Review

Drive - ein Film, auf den ich mich in Deutschland noch einige Monate hätte freuen dürfen, und den ich im Ausland jetzt schon in Originalton genießen konnte. Es hat sich mehr als gelohnt.

Der Driver (Ryan Gosling) verdient sein Geld in der Werkstatt von Shannon (Bryan Cranston), mit dessen Autos er auch einige Stunts für Hollywood-Produktionen dreht und sich gelegentlich als Fluchtfahrer für Raubüberfälle anbietet. Sofern diese in einem 5-Minuten-Fenster ablaufen und er nicht eingreifen muss, steht er den Dieben als ortskundiger Fahrer im Großstadtdickicht Los Angeles zur Verfügung. Eines Tages lernt er Irene (Carey Mulligan) und ihren Sohn kennen, die ein Apartment neben ihm bewohnen.

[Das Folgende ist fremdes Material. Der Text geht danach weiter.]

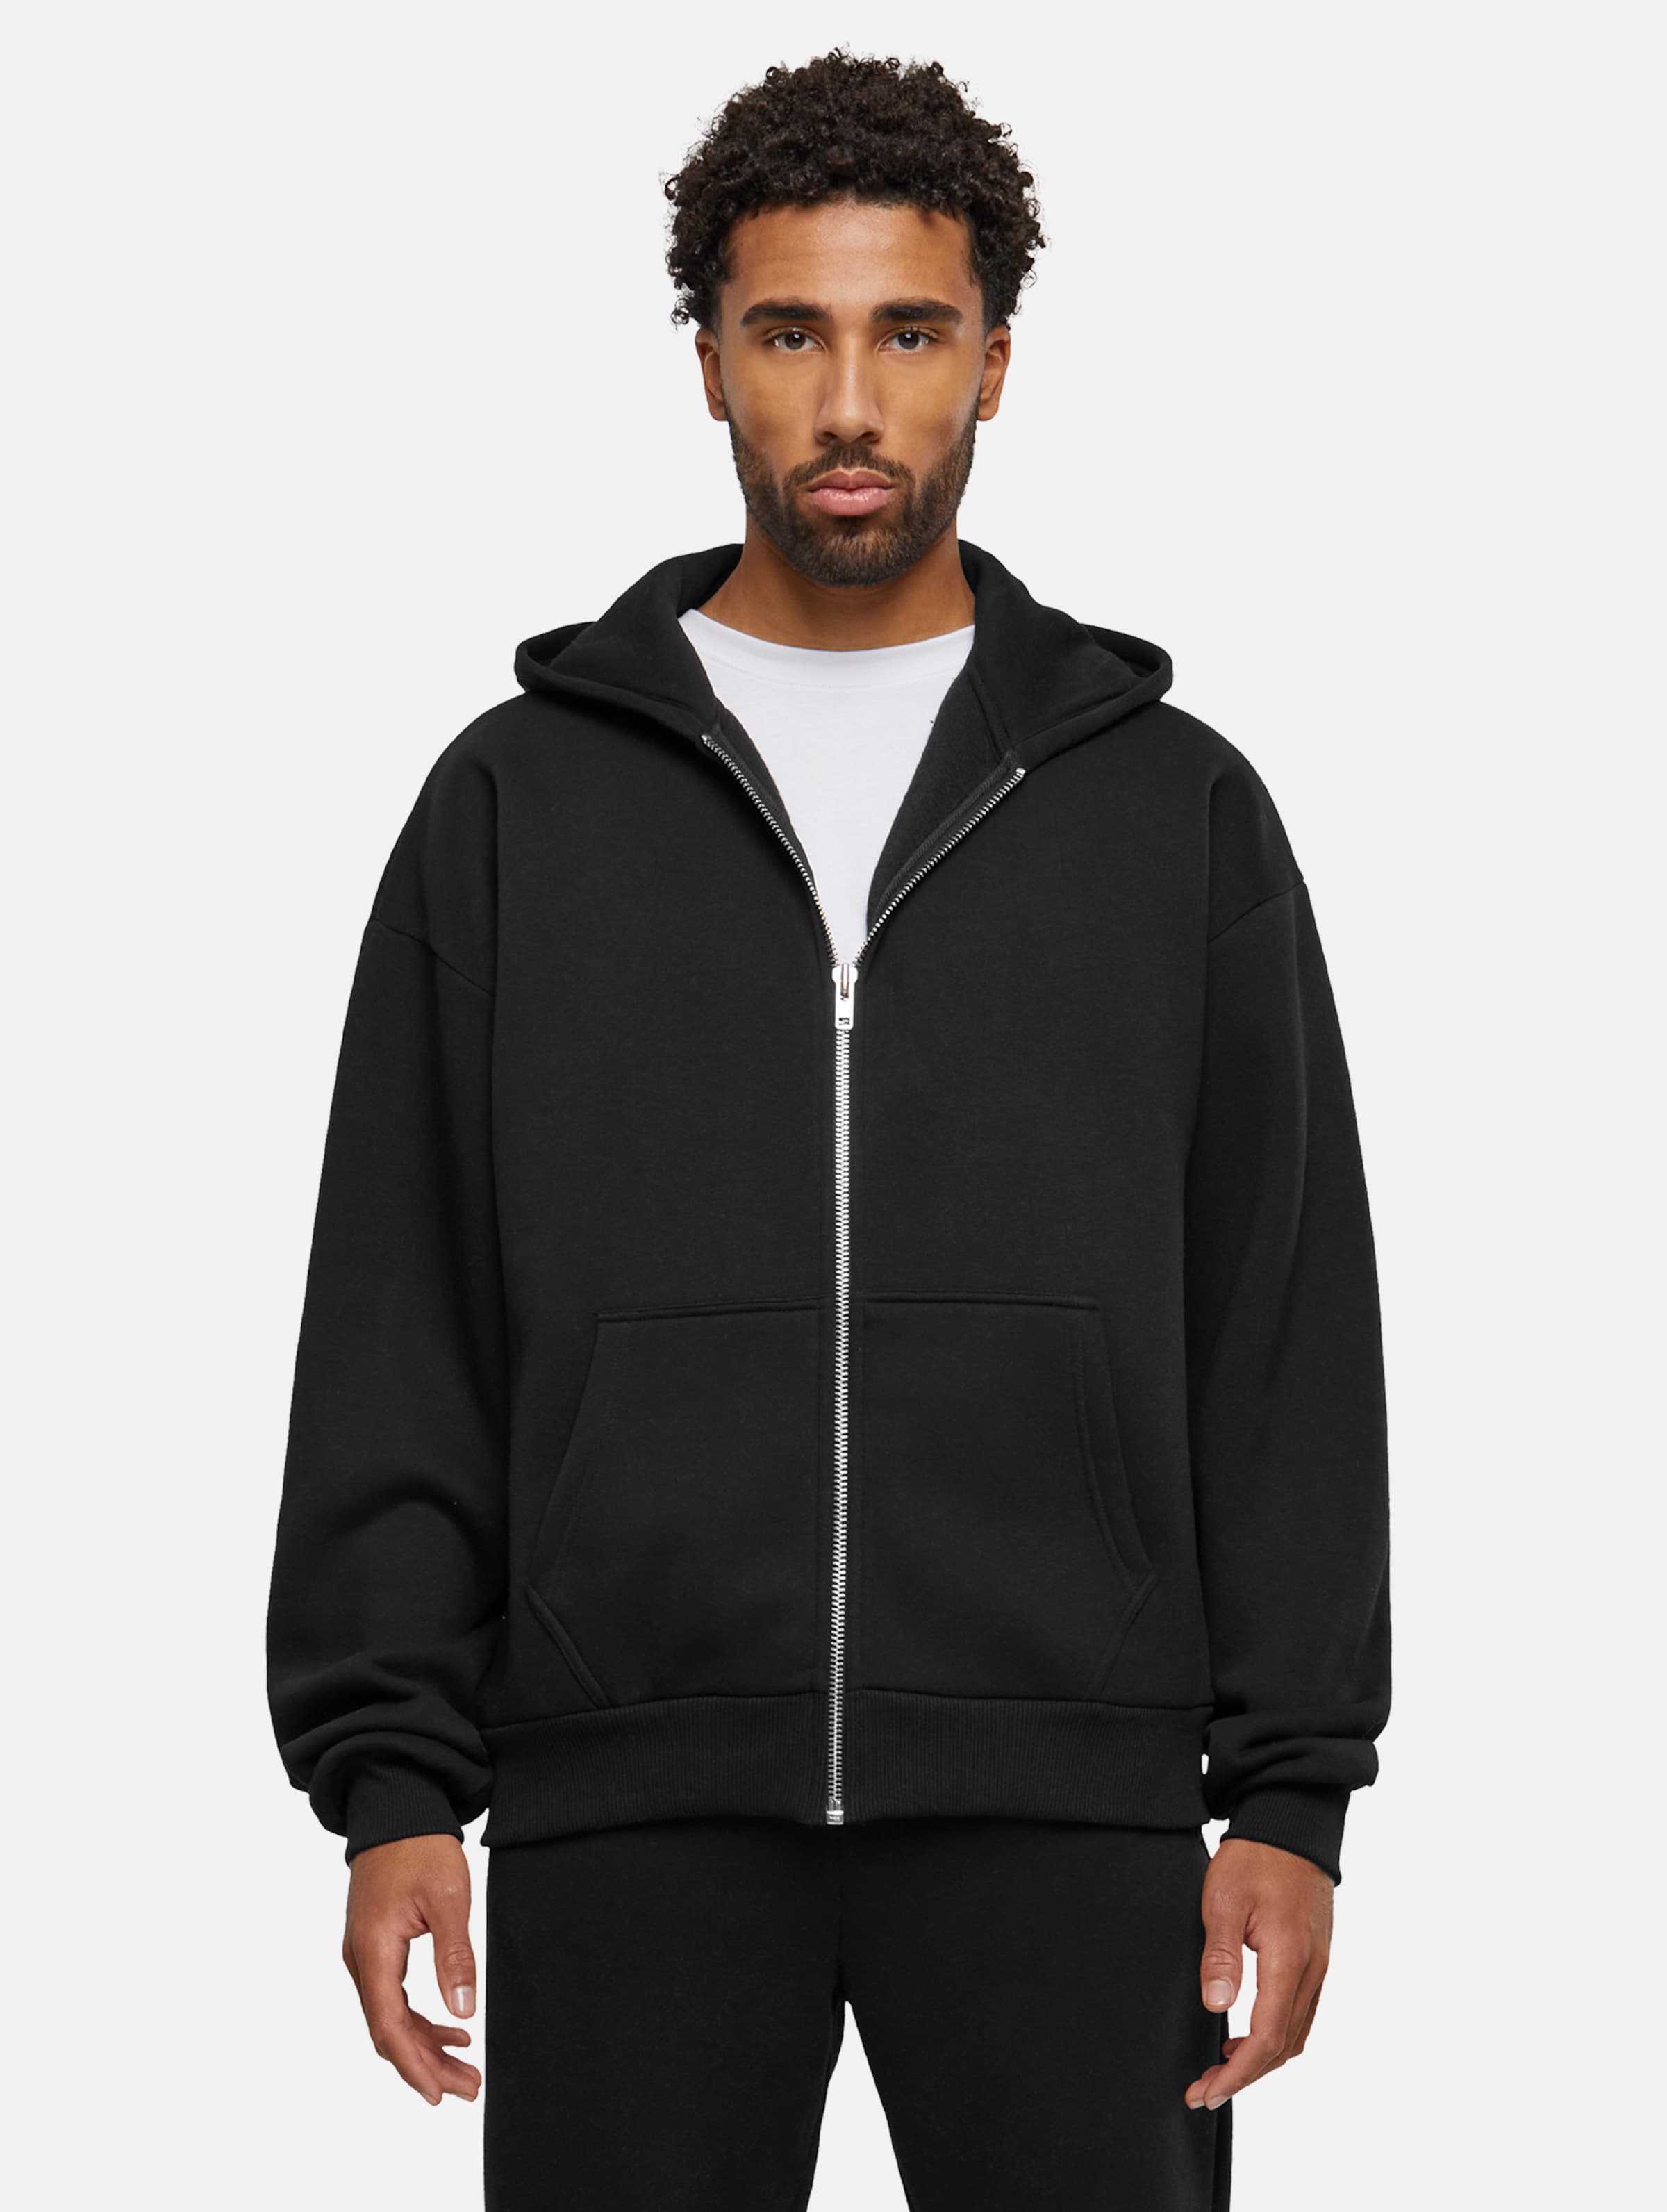 Prohibited Oversized Zip Hoodies Männer,Unisex op kleur zwart, Maat XL

Während sein Boss mit Geld des Kriminellen Rose einen Rennstall mit ihm aufbauen will, verbringt der Driver mehr und mehr Zeit mit Mutter und Sohn, bis der Vater aus dem Gefängnis entlassen wird und seine Familie von Gangstern bedroht wird, denen er Geld schuldet. Der Driver beschließt, ihm zu helfen.

Die atemlose Eröffnungssequenz gibt die Stimmung und Atmosphäre des Films vor. Ruhig und (scheinbar) abgeklärt wartet der Driver vor einem Warenhaus, bis seine Kunden mit der Beute herausrennen und das Katz-und-Maus-Spiel mit der Polizei beginnt. Das Ganze wird nicht etwa als rasante Verfolgungsjagd inszeniert, sondern als nervenaufreibendes Abwarten, Taktieren und dann blitzschnell Reagieren, als die Schlinge des Gesetzes sich zuzieht.

Diese ruhige Inszenierung zieht sich durch den ganzen Film. Für den ein oder anderen dürften sich dabei in der ersten Hälfte ein paar Längen einschleichen, mir gefiel sie sehr. Nicolas Winding Refn versteht es, dem Film seinen eigenen Stempel aufzudrücken, die Kameraarbeit und die gesamte Optik des Films sind brillant. Die Action und Gewaltausbrüche sind effektiv in Szene gesetzte Eruptionen und schockieren daher umso mehr, verlieren sich aber nie im Selbstzweck.

Der Mittelpunkt des Films ist ganz klar der namenlose Driver, wortkarg und charismatisch verkörpert von Ryan Gosling, einer der kommenden (wenn er es nicht schon ist) Leading Men in Hollywood. Mit wenigen Worten und Blicken legt er das zerissene Innere seiner Figur bloß, und einige Blicke reichen in diesem Film oft aus, um über Leben oder Tod zu entscheiden.

Wenige Blicke reichen ebenfalls aus, um die Romanze zwischen Gosling und der bezaubernden Carey Mulligan entflammen zu lassen, die Chemie zwischen den beiden Jungschauspielern ist hervorragend. Bryan Cranston als vom Leben gezeichneter ehemaliger Stuntfahrer Shannon reiht sich ebenfalls in das großartige Hauptdarstellertrio ein.

Die Schrift auf den Plakaten haben bei mir im ersten Moment Assoziationen mit dem PC-Spiel GTA Vice City geweckt, und ganz enttäuscht wurden diese nicht. Der passende, synthielastige Soundtrack und die Atmosphäre des Verbrechens und der Gewalt, in der ein Einzelgänger seinen Weg sucht, ähneln sich in Film und Spiel. Das kommt ersterem zugute, zugleich hebt ihn aber die Handlung um Irene und ihren Sohn (die einzigen wirklichen Sympathiefiguren des Films) deutlich vom Spiel ab.

Fazit: Ganz großes Kino, nur die Tatsache, das die Handlungsmotive so schonmal vorhanden waren und hier nur sehr schmackhaft neu gemischt wurden, verhindert die Einstufung als Klassiker. Ich freue mich jetzt schon auf Goslings nächsten Auftritt in "The Ides of March" und hoffentlich bald weitere Großtaten von Nicolas Winding Refn.